The New England Science Teachers, or NEST, grew out of MIT's Science and Engineering Program for Middle and High School Teachers, an intensive week-long summer course that inspires teachers to generate greater interest in science and engineering among their students.


QUOTES:

"Obesity is a medical condition like depression, hypertension or diabetes. There's no reason to withhold obesity medication any more than you would withhold medication from people who suffer from those conditions. For people who have failed on traditional weight-loss methods, this will be an invaluable aid."-Dr. Judith H. Wurtman, research scientist in the Department of Brain and Cognitive Sciences, in a Boston Herald story on a decision allowing Massachusetts physicians to prescribe a new generation of diet drugs.

"We probably disagreed on as many things as two human beings can disagree on. But we liked each other personally. I thought he was a terrific provost. If we had a problem, we could go talk to him. He would listen to all points of view, and then make a decision-yes or no. What others called abrasiveness is what I liked as directness. He gets up and says what he thinks."-Dr. Noam Chomsky, Institute Professor and professor of linguistics, in a lengthy article on Dr. John M. Deutch, on leave as Institute Professor and professor of chemistry, to serve as director of the Central Intelligence Agency, in The Washingtonian magazine.

"It's pretty clear they have found a very important activity. There are lots of questions to answer before we go dancing. But it's nice to have something new to think about."-Dr. David Baltimore, Ivan R. Cottrell Professor of Molecular Biology and Immunology and Institute Professor, on a report that scientists have identified four substances made by the human immune-system cells that have potential for halting the growth of the virus that causes AIDS, in the Houston Chronicle.

"There's a high possibility that CO2 emissions will be regulated sometime around the year 2000. We have no idea what those regulations will look like. They may be negligible and they may be serious, but managers are beginning to ask how they can prepare for them."-Stephen Connors, director of the Electric Utility Program in the Energy Laboratory, in a story in The Salt Lake Tribune on the efforts of America's electric ultilities managers to respond to global warming warnings by finding inexpensive ways to emit less carbon dioxide.

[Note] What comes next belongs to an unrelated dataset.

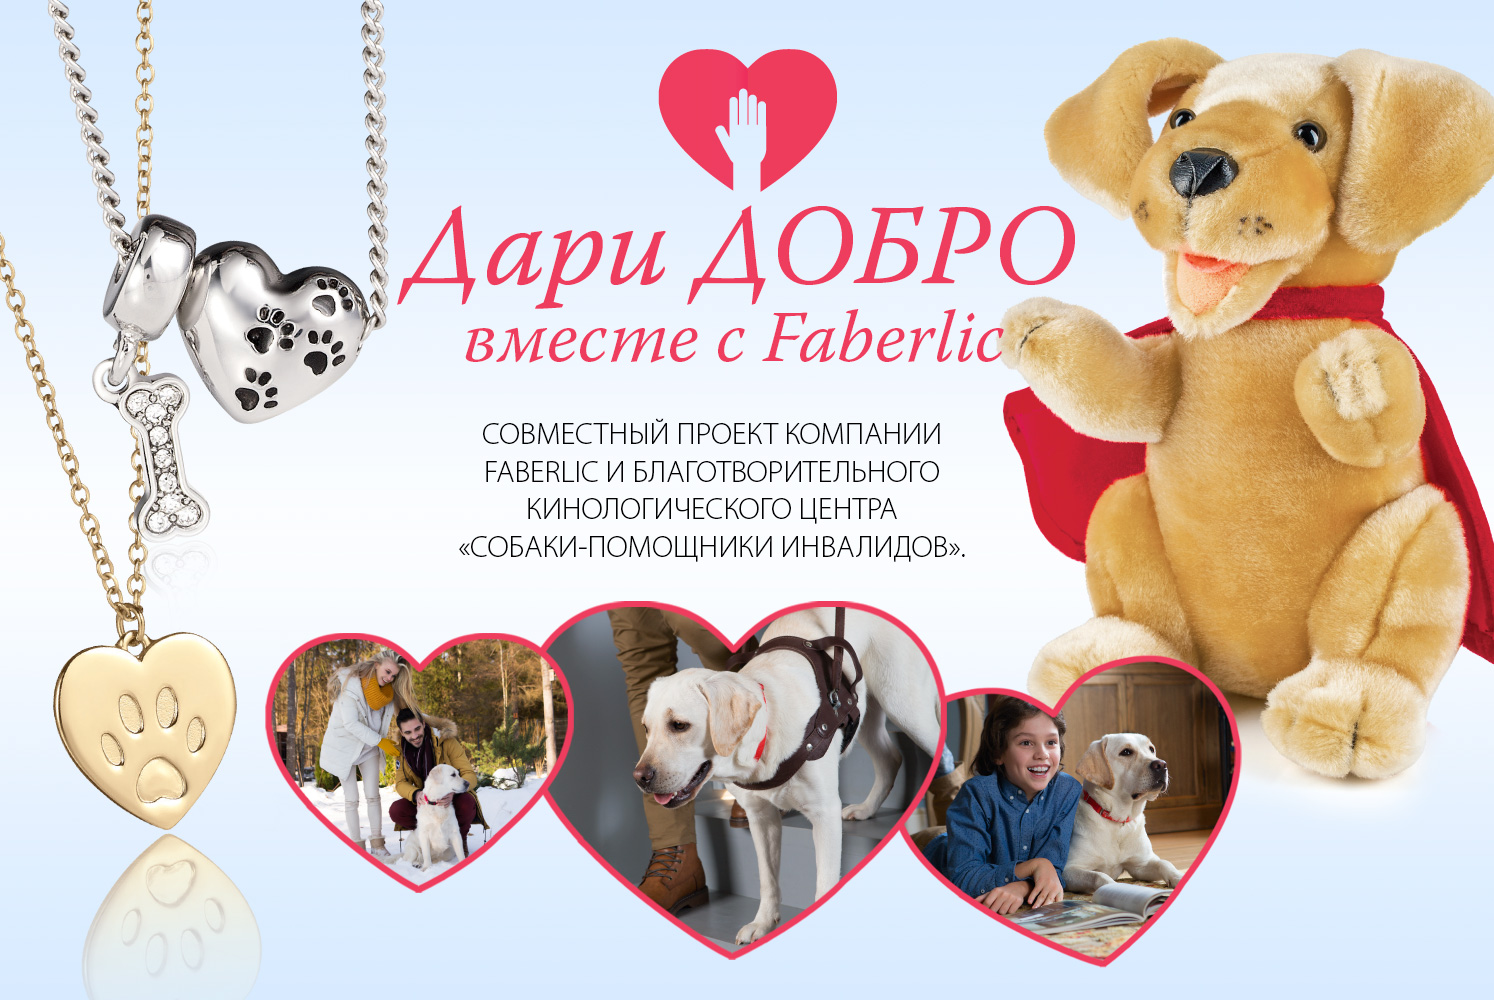 Дарите добро с faberlic: акция каталога №2

"Those unions that provide valued labor market services and maintain the allegiance of workers, as they move between employers and through different cycles of their careers, are more successful than those in which membership is contingent on being employed at a specific workplace."-Dr. Thomas A. Kochan, George Maverick Bunker Professor of Management, in a story in the Singapore Press Holdings on efforts by the National Trades Union Congress in that country to bolster membership by giving union members more personalized services.

CLIP:

A Wall Street Journal editorial, titled, "The Math Gap," said that math skills are more important than ever for the American worker and supported its case by referring to a National Bureau of Economic Research working paper written by three labor economists, one of them from MIT-Dr. Frank Levy, professor of urban economics in the Department of Urban Studies and Planning.

According to the editorial, the researchers found that males graduating from high school in 1972 with strong basic math skills earned 24 cents more per hour (in 1988 dollars) at age 24 than males graduating that in that year with average math skills. For 1980 grads, the wage differential between numerate and innumerate had widened to 53 cents an hour. Math was even more important for women. Female high school graduates from the class of 1980 who were good with numbers earned 74 cents more than comparable women with weaker math skills.

A version of this article appeared in MIT Tech Talk on January 31, 1996.